Zviran highlighted that C2i plans to potentially include additional genetic features and improve suppression to remove background noise, thereby improving the platform's signal-to-noise ratio and increasing clinical sensitivity.

C2i has also partnered with California-based Genomic Testing Cooperative to perform clinical validation studies, results from which Zviran anticipates releasing in early 2021.

As part of the licensing agreement with the NYGC and Weill Cornell, C2i has filed two patents related to MRDetect with the US Patent and Trademark Office.

C2i expects to initially launch a commercial assay for monitoring cancer recurrence in the US and is working with advisors at the US Food and Drug Administration to decide the best regulatory pathway. Zviran also noted that the firm is currently determining its commercial strategy for Europe and other international markets. The company is also still deciding which cancer type it will initially target.

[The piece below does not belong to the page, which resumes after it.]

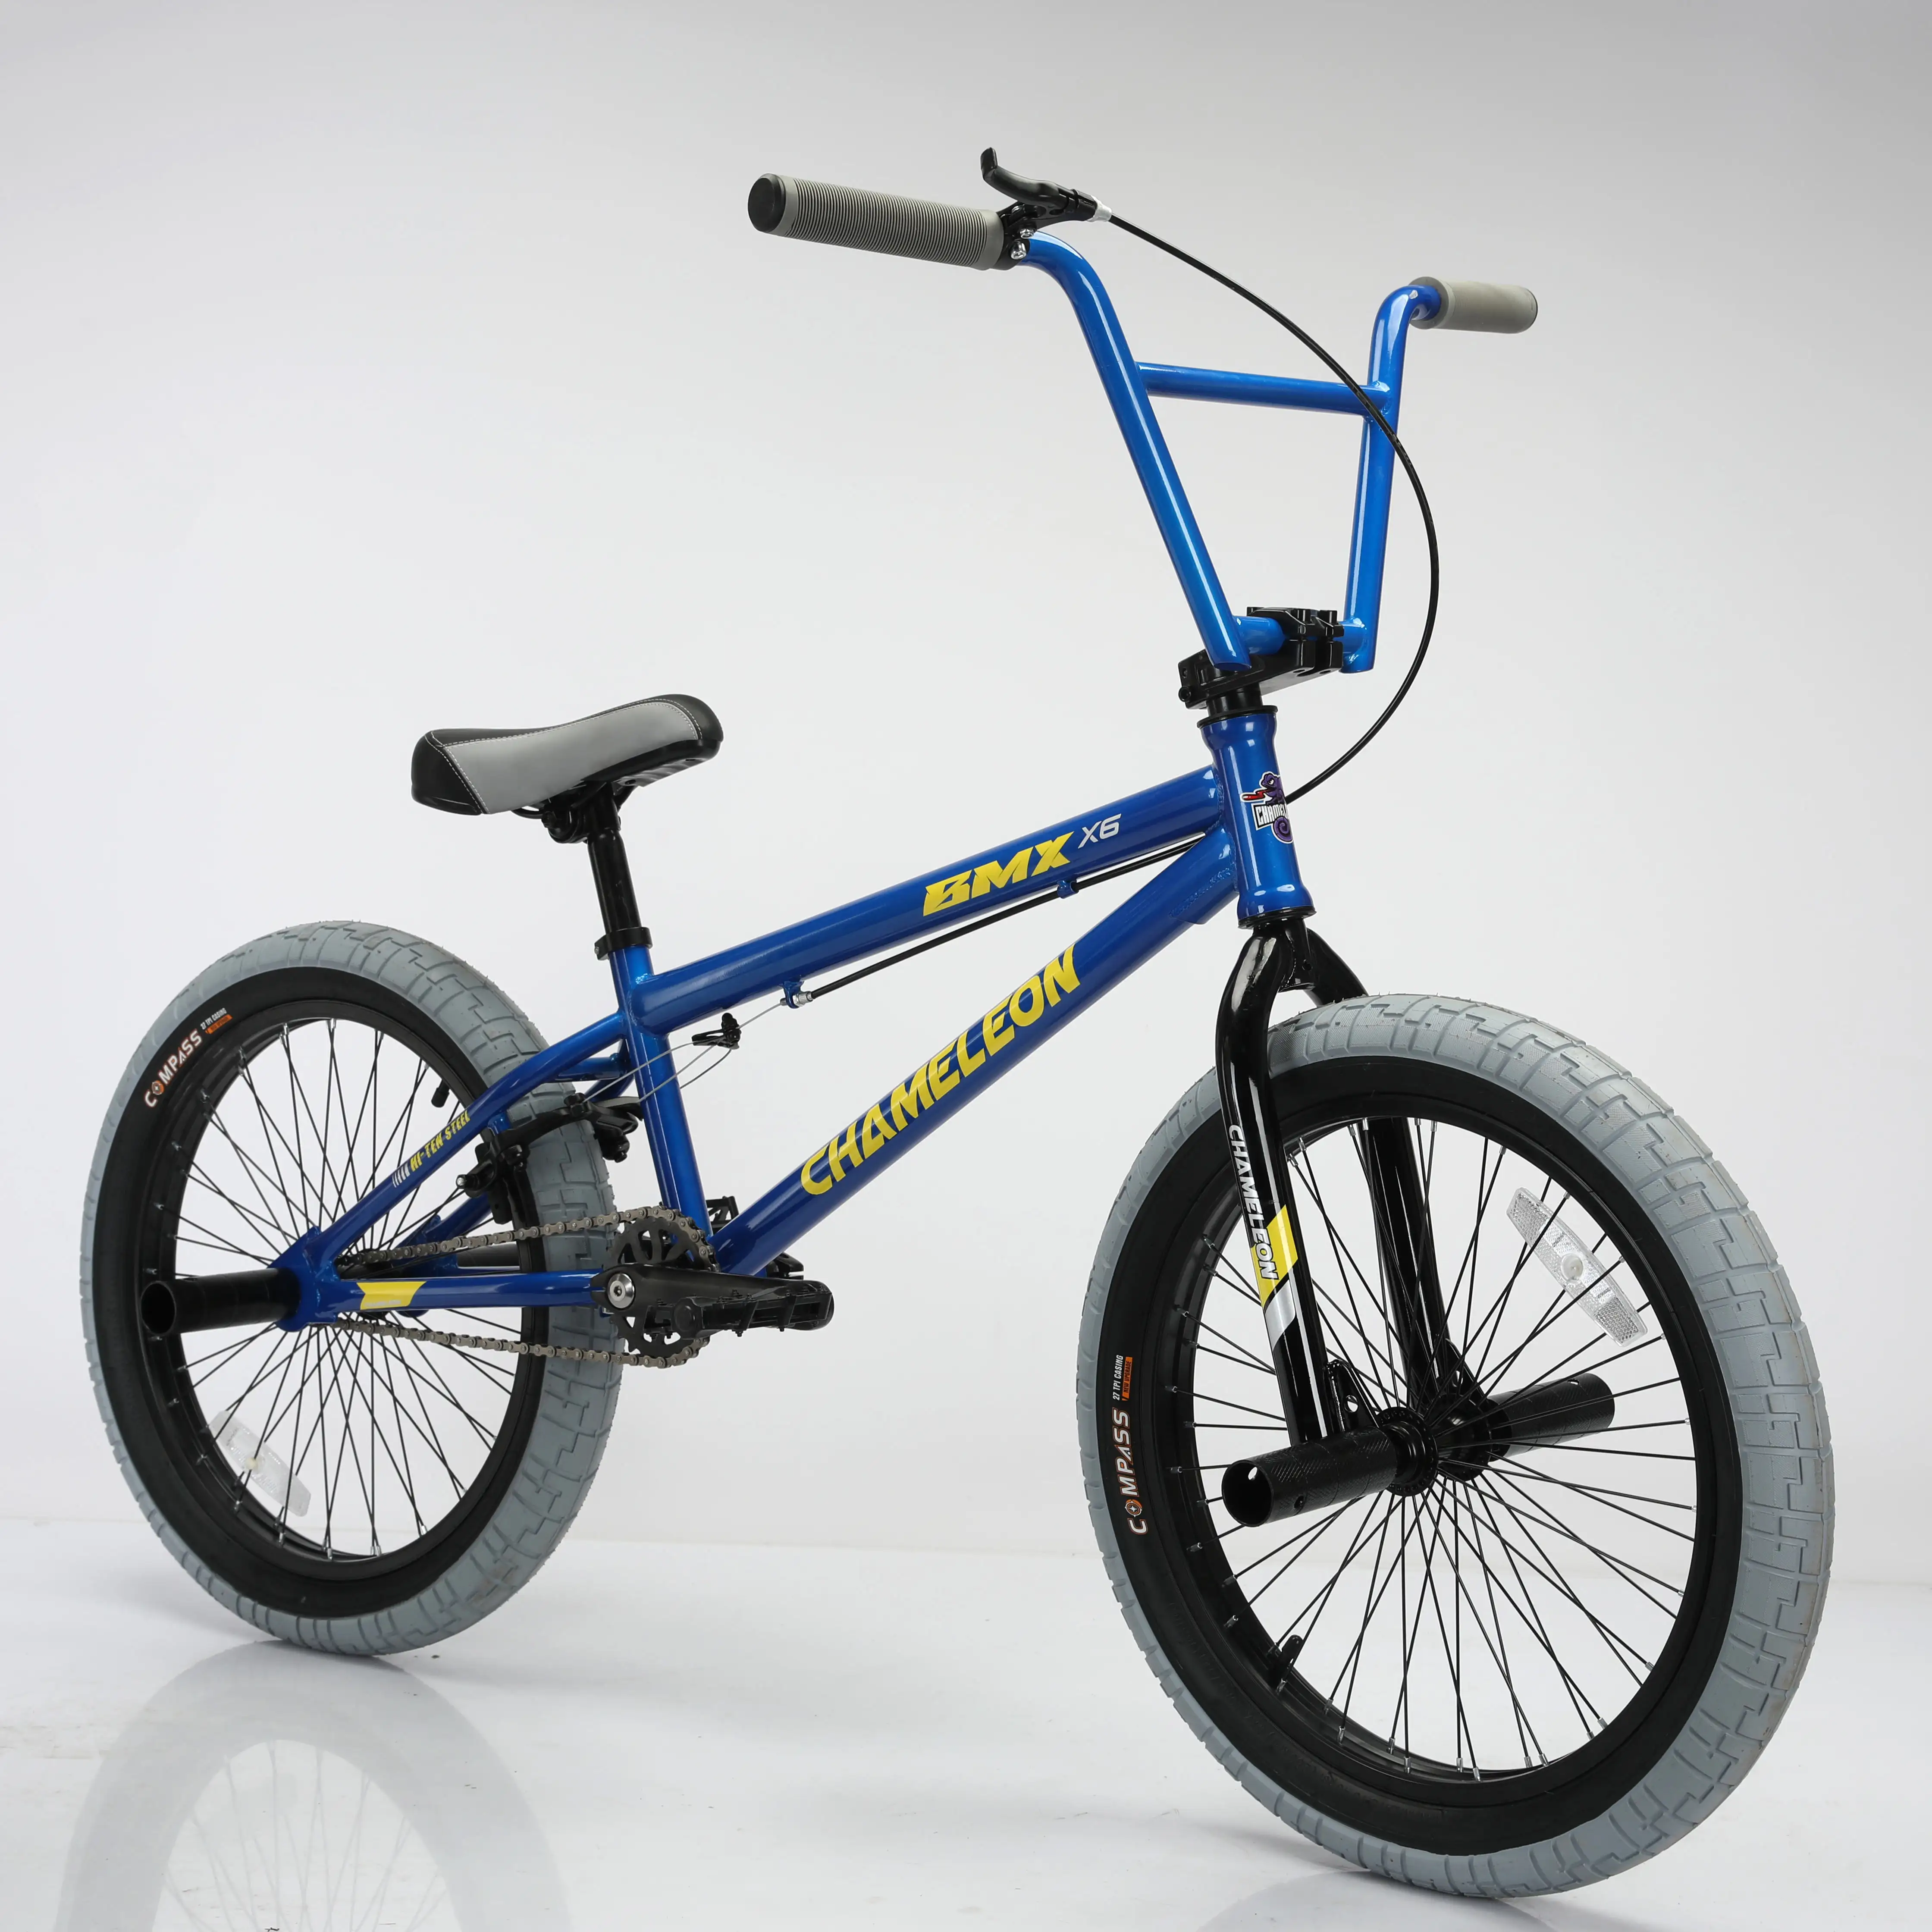 Vente chaude BMX vélo populaire nouveau design enfants vélo 20 pouces BMX vélos pour enfants vélo de bonne qualité avec frein à disque

"In principle, [MRDetect] is cancer-agnostic, but we will need to look at it in a case-by-case situation," Zviran noted. "Some of the [cancers] are obvious from the manuscript, [such as] lung and colon cancer, but we'll consider other applications that can be explored with this technology."

While comparing C2i's technology to Natera's and Archer Dx's cell-free MRD assays, Zviran argued that MRDetect is a tumor-informed method that is personalized for each individual. Believing that every cancer patient has a different tumor signature or "fingerprint," the team aims to use the unique signal as much as possible while developing the personalized MRD assay for different cancers.

"If you look at clinical oncology today, across solid cancers, [cancer recurrence] information is missing in a lot of clinical decisions we're making," Landau noted. "The MRD challenge is one we take seriously and is a challenge that we believe [our technology] has substantial potential to make an impact on patient care."